Né il GRA ha chiuso dentro di sé Roma. Che strane mura sarebbero dunque queste, incapaci di fermare alcunché! Mura che fanno filtrare qualsiasi urbanizzazione, in ogni direzione. Che sono state anzi occasione di molteplici forme di urbanizzazione, dalla più semplice, le stazioni di servizio, alle più complesse, i centri direzionali e i mall. Roma città metropolitana, conurbazione ininterrotta ad est, a ovest, a sud e a

nord, estesa ben oltre i confini comunali, ha semplicemente ignorato il limite del GRA. Come immagine preformata, dalle molteplici valenze e ramificazioni nell'immaginario dei progettisti come dei cittadini, il GRA continua ad essere percepito come quel limite del costruito che invece non è. (Nicolini 2005, pag.25)

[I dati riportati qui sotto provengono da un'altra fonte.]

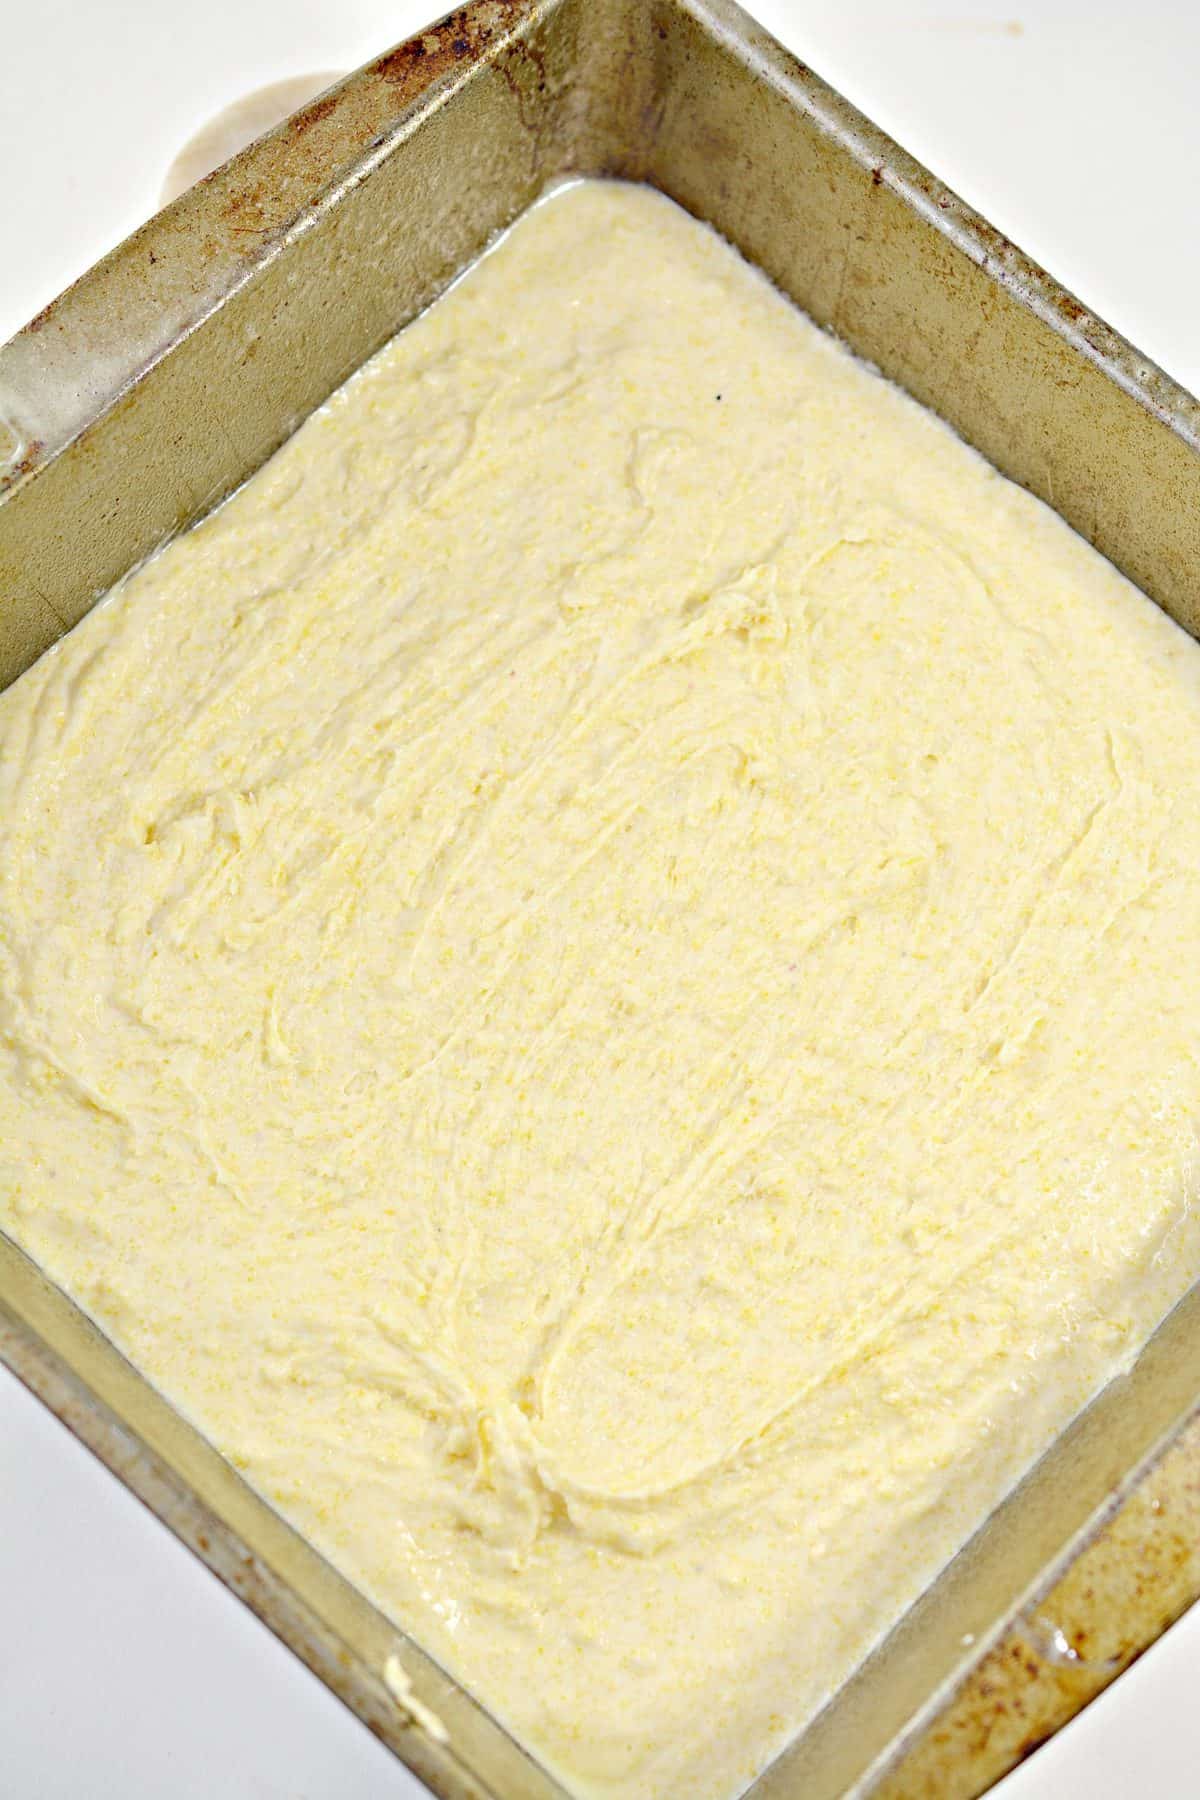 Prepare the cornbread mix according to the directions on the package, and place it into a well-greased 9x9 baking dish.

IL GRA si trasforma così da arteria a dispositivo logistico (Ottaviani 2005, pag.181), zona cuscinetto delle sollecitazioni cui Roma è sottoposta e riserva di aree pronte ad ospitare le necessità che la capitale manifesterà, le emergenze del momento, come accaduto con i raduni dei giovani in occasione del giubileo o del concerto del primo maggio del 2000. Il confine allora si slabbra, le sue componenti, urbane e rurali vanno ricercate volta per volta, contesto per contesto. Non si tratta soltanto dell'utilizzo effimero di alcuni spazi, ma di una vera e propria geografia dell'oltrecittà33 (Stalker 2009), tutta da percorrere ed esplorare. È un oltrecittà che allarga inevitabilmente il confine, lo permea e vi passa attraverso, trasformando la linea in frontiera e sancendo l'inesorabile sutura delle espansioni tra Roma e i comuni di prima cintura.